Гейне проснулся. Кроткий лунный свет проник в неуютную комнату постоялого двора. Раздавался громкий храп пьяных буршей.

Затем Гейне снова заснул. Он увидел загородную виллу дяди Соломона. Дядя улыбался насмешливо, язвительно, грозил племяннику пальцем, а в ушах прозвенела когда-то слышанная фраза:

«Если бы мальчик чему-нибудь научился, ему не надо было бы писать стихи…»


… Все произошло буднично просто.

Слуга отворил парадную дверь. Он узнал Гейне и попросил его войти. У Гарри подкашивались ноги от волнения, слипались веки, он видел бледный, мерцающий свет, как это происходило всегда перед приступом головной боли.

«Как бы не упасть в обморок», — пронеслось в мозгу Гейне.

Но он овладел собой и вошел в переднюю. Ему пришлось подняться по широкой лестнице, сразу напоминавшей пышные входы итальянских дворцов. Два прекрасных гипсовых бюста стояли в нишах передней, а на стене красовался план Рима. На пороге молодого поэта приветствовала римская надпись: «Vale»[9].

Слуга провел Гейне по блестящему паркету в комнату Юноны, украшенную огромным бюстом этой богини. Затем Гарри очутился в приемной. Здесь слуга попросил его подождать.

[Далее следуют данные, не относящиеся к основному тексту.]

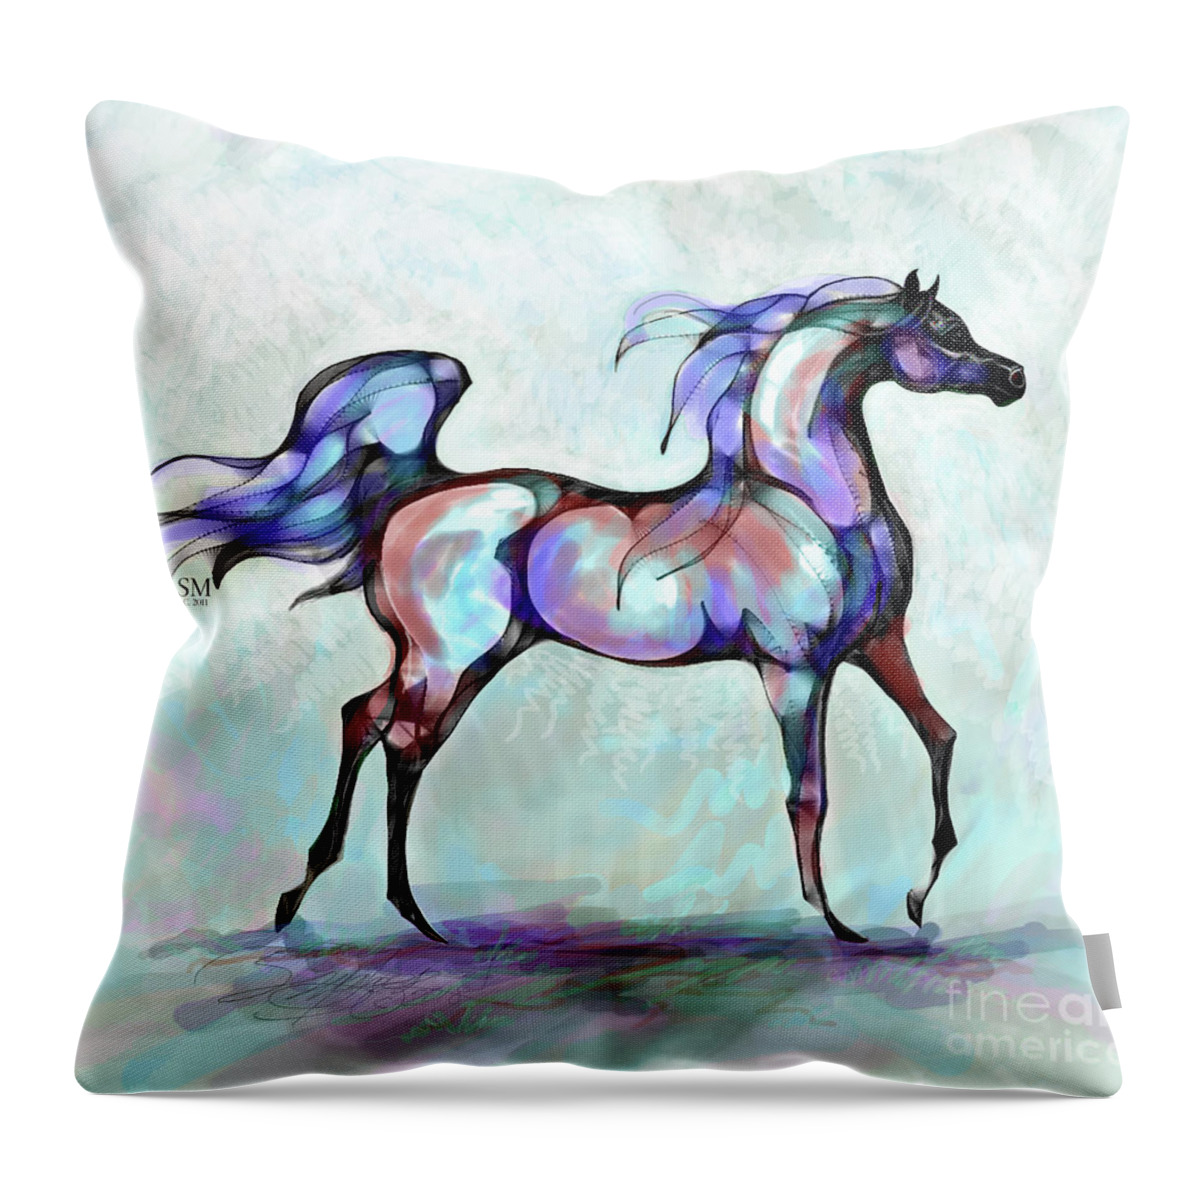 Stacey Mayer Throw Pillow featuring the digital art Arabian Horse Overlook by Stacey Mayer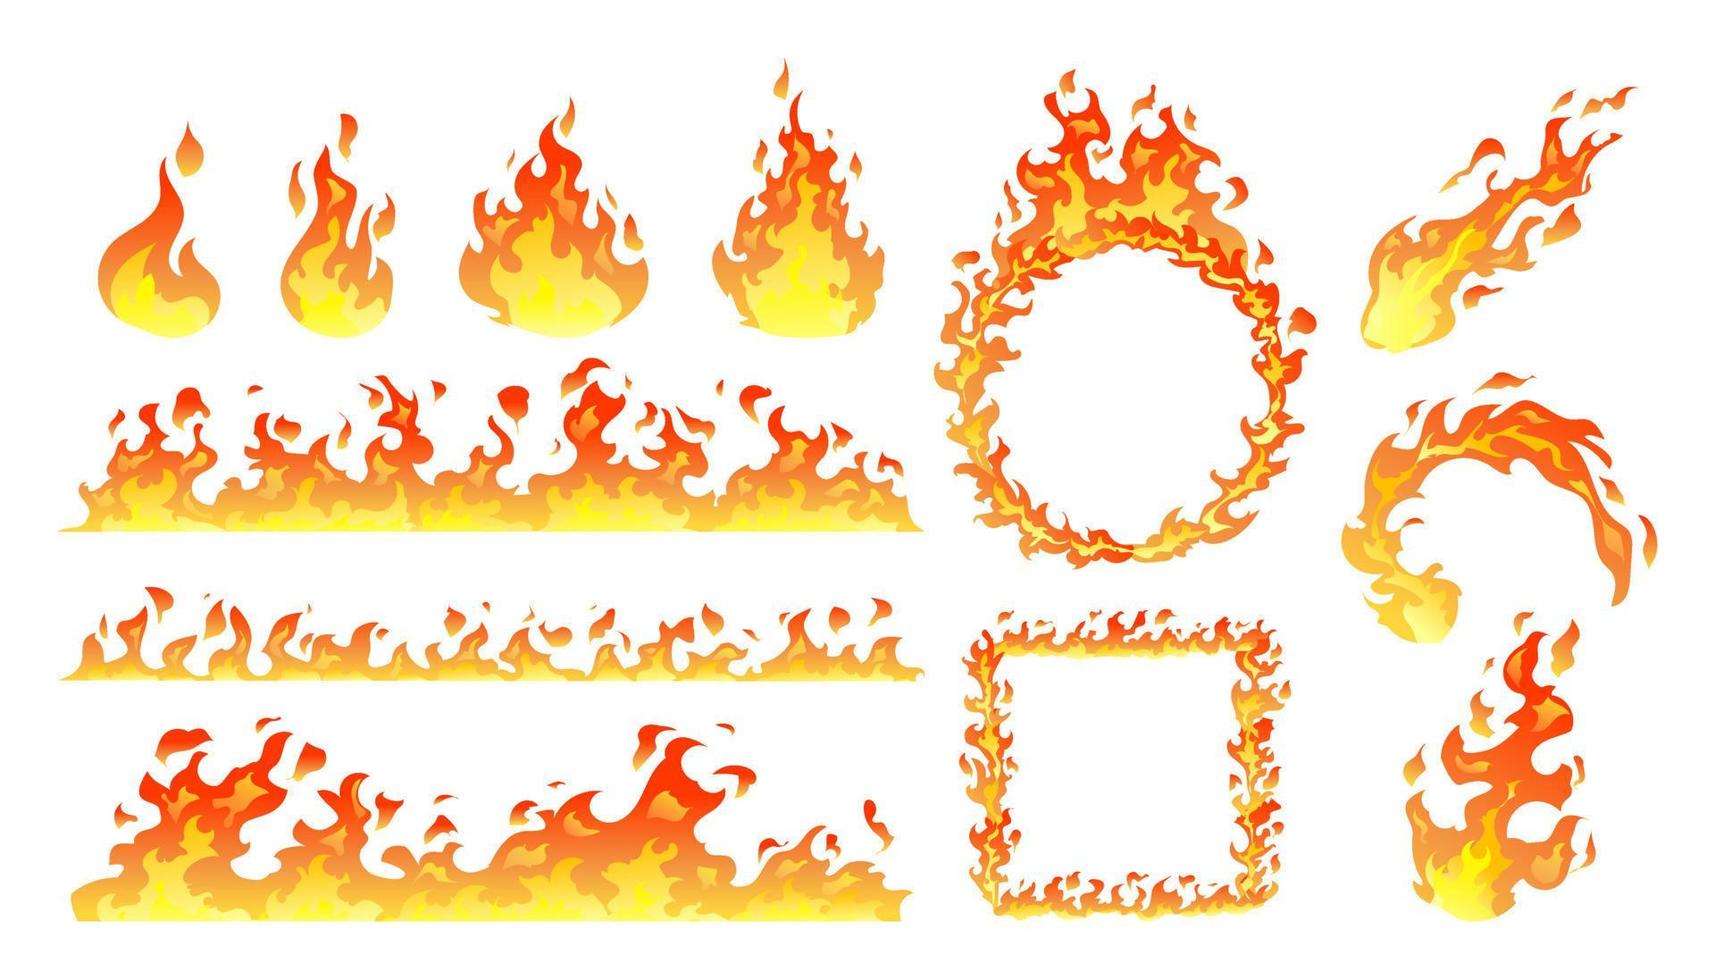 verzameling van vuurvlammen, brandend vreugdevuur, vuurbal, hitte wildvuur, brandend effect cartoon afbeelding vector

Гарри осмотрелся кругом. Комната была похожа на музей. У одной стены стояли старинные клавикорды. Великие музыканты Гуммель и Мендельсон прикасались к этим клавишам; здесь пели известные певицы Зоннтаг и Каталани. Эскизы знаменитых художников, гравюры, мифологические картины украшали стены. Тут же красовался большой шкаф с эстампами и антиками. Бронзовые лампы, статуэтки, вазы дополняли убранство приемной.

Гарри пришлось ждать недолго. Но волнение его не проходило. Ему казалось, что он попал в какой-то далекий античный мир, что сейчас появится перед ним великий греческий бог.

Дверь в приемную отворилась. Величавая фигура Гёте медленно двигалась ему навстречу.

Гейне застыл перед ним. Он увидел высокий лоб, изрезанный морщинами, правильные черты греческого профиля, великолепную голову. И вместе с тем было что-то пугающее в его величии.

Гёте пригласил гостя сесть и сам опустился в кресло.

Разговор завязывался медленно.

Гёте говорил с молодым поэтом с грациозной снисходительностью. Он припомнил, что покойный его друг Вольф сообщал ему о Гейне, даже упомянул о том, что это болезненный молодой человек.

Это несколько растрогало Гейне; он почувствовал человеческое беспокойство поэта, в котором видел вечного бога, Юпитера.